«Die Türkei entscheidet über Krieg oder Frieden»
Kurden und Politologen rechnen bei Todesurteil gegen Öcalan
mit neuer Welle der Gewalt
Von AP-Korrespondentin Harmonie Toros
Istanbul (AP)
Angespannt verfolgt der kurdische Ladeninhaber Emin eine Übertragung des Prozesses gegen PKK-Führer Abdullah Öcalan. Die umliegenden Straßen sind wie leergefegt; wie Emin sitzen fast alle Bewohner vor ihren Fernsehgeräten. Mit dem in Kürze erwarteten Urteil gegen Öcalan wird die Türkei eine Entscheidung zwischen Krieg und Frieden treffen, sagt Emin, der aus Angst vor einer Verhaftung nur seinen Vornamen nennen will. Falls das Gericht ein Todesurteil gegen das PKK-Idol verhänge, stehe neues Blutvergießen bevor.

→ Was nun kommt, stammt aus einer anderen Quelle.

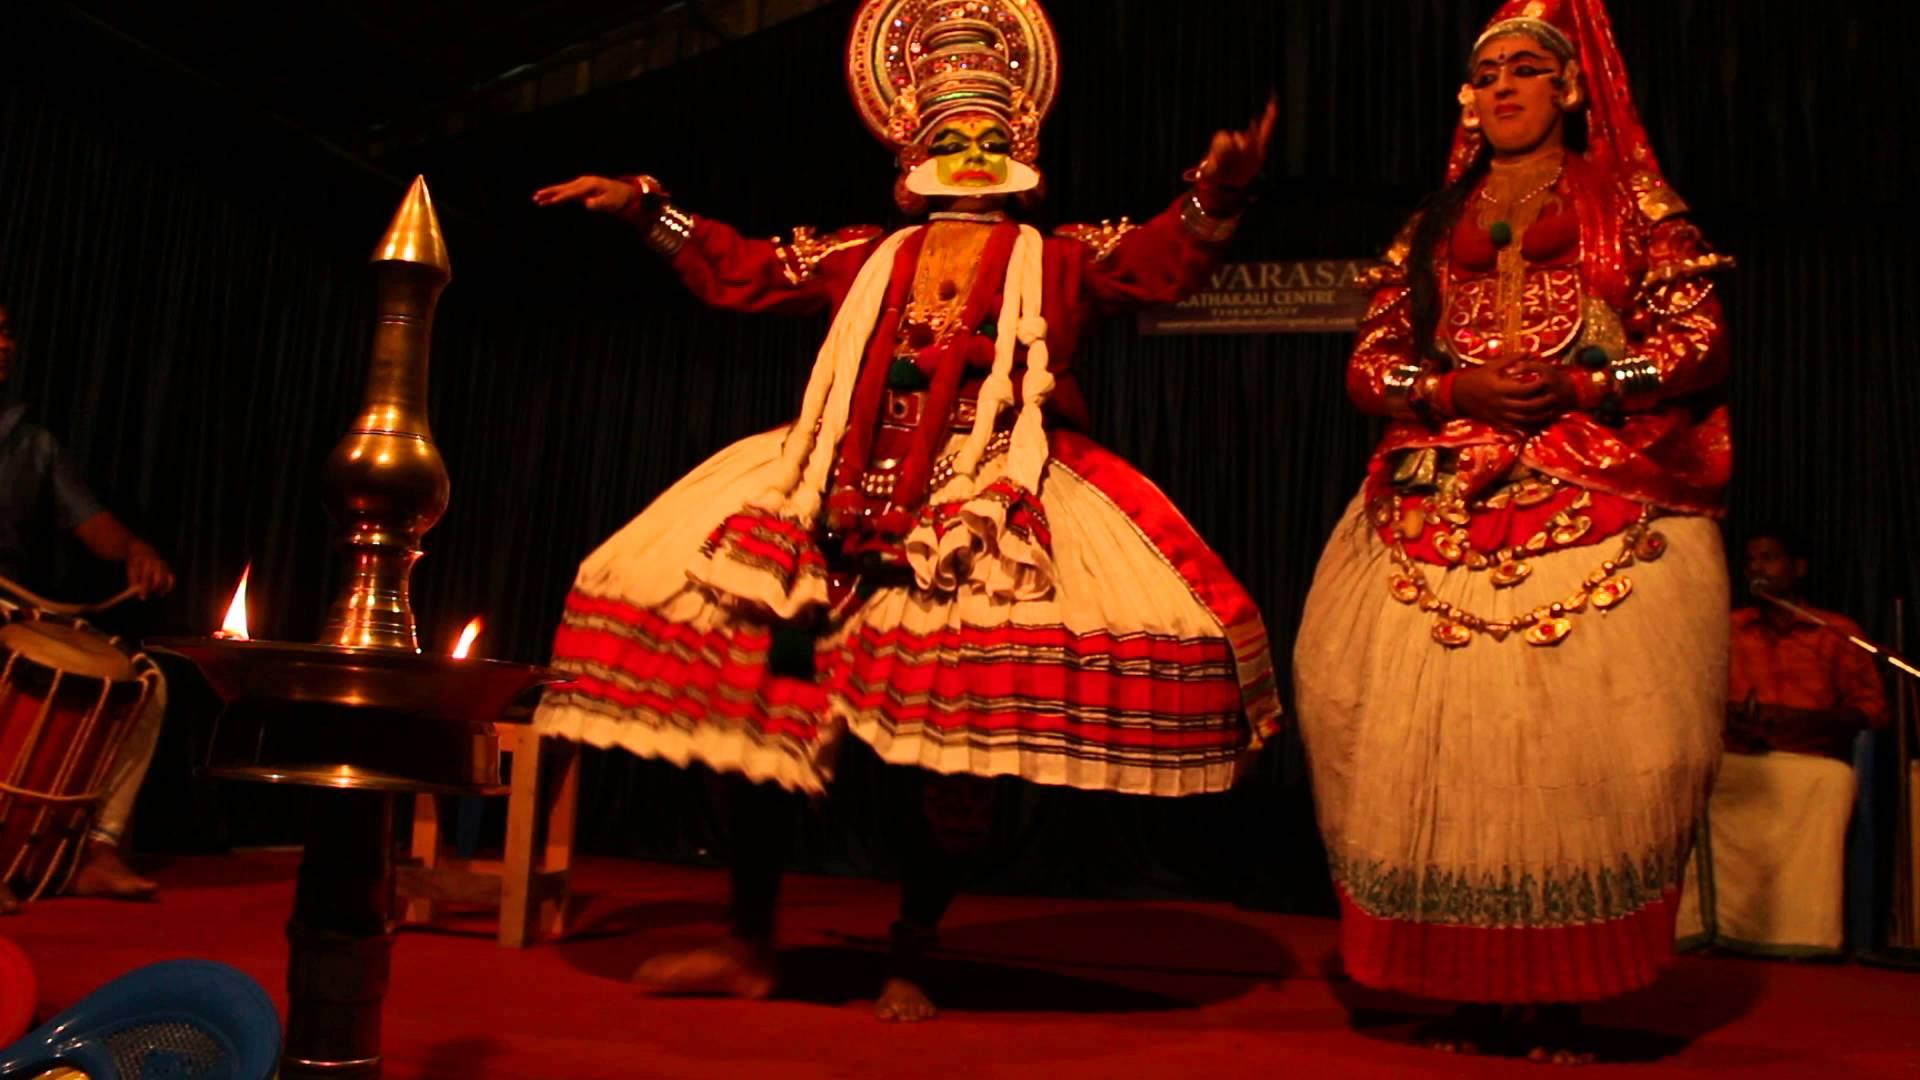 Disfrute de una danza de Kathakali

«Dann wird es noch mehr Krieg und noch mehr Tote geben», sagte Emin. Zunächst jedoch wollten alle Kurden die von Öcalan geforderte Waffenruhe einhalten, betonte er. Der Vorsitzende der Kurdischen Arbeiterpartei (PKK) hatte dem türkischen Staat beim Prozeßauftakt am Montag seine Zusammenarbeit für eine friedliche und demokratische Lösung des Konflikts mit den Kurden angeboten. «Wir haben ihnen unseren Willen zum Frieden bekundet», sagte Emin. «Jetzt liegt es bei ihnen, das anzunehmen.»
Auch neutrale Beobachter warnen vor einer neuen Welle der Gewalt im Falle eines Todesurteils. «Das würde ein System der Blutrache zwischen Türken und Kurden etablieren», sagte der Politikwissenschaftler Baskin Oran von der Universität in Ankara. Auch Öcalan wies vor Gericht darauf hin, daß seine Hinrichtung Vergeltungsschläge nach sich ziehen würde. «Was wird passieren, wenn ich sterbe? Die Organisation wird Tausende Kämpfer aussenden, und Hunderte Menschen werden sterben», sagte der PKK-Chef.
Urteil in wenigen Tagen erwartet
Der Aufruf zum Frieden hat die türkischen Medien Öcalan gegenüber jedoch nicht gnädiger gestimmt. Der PKK-Führer wird weiter regelmäßig als «Baby-Mörder» bezeichnet. Das Gericht auf der Insel Imrali wies einen Antrag der Verteidigung zurück, wonach Politiker bezeugen sollten, daß sich Öcalan bereits in der Vergangenheit für einen Waffenstillstand eingesetzt habe. Viele Türken halten die Erklärung des Rebellenführers für eine bloße Taktik, um einer Hinrichtung zu entgehen. Auch wird bezweifelt, ob Öcalan in der PKK noch genug Macht hat, eine Waffenruhe durchzusetzen.
Entsprechend gilt ein Todesurteil als so gut wie sicher. Die Behörden könnten sich keine Form von Nachlässigkeit gegenüber Öcalan leisten, nachdem sie ihn jahrelang als skrupellosen Mörder gebrandmarkt hätten, sagte ein Redakteur der Tageszeitung «Bakis», Ragip Zarakolu. «Die türkischen Behörden geben nicht zu, daß es einen Krieg in der Türkei gibt und sie akzeptieren nicht, daß es eine kurdische Seite existiert.»
Der Prozeß gegen Öcalan soll am Dienstag mit den Schlußplädoyers der Staatsanwaltschaft wieder aufgenommen werden. Nach einer mindestens fünftägigen Unterbrechung sollen die Plädoyers der Verteidigung folgen. Im Falle eines Todesurteils wird ein Berufungsgericht die endgültige Entscheidung treffen. Eine Hinrichtung Öcalans wäre die erste in der Türkei seit 1984. Den seit 15 Jahren anhaltenden Kämpfen zwischen der PKK und türkischen Streitkräften fielen mehr als 37.000 Menschen zum Opfer.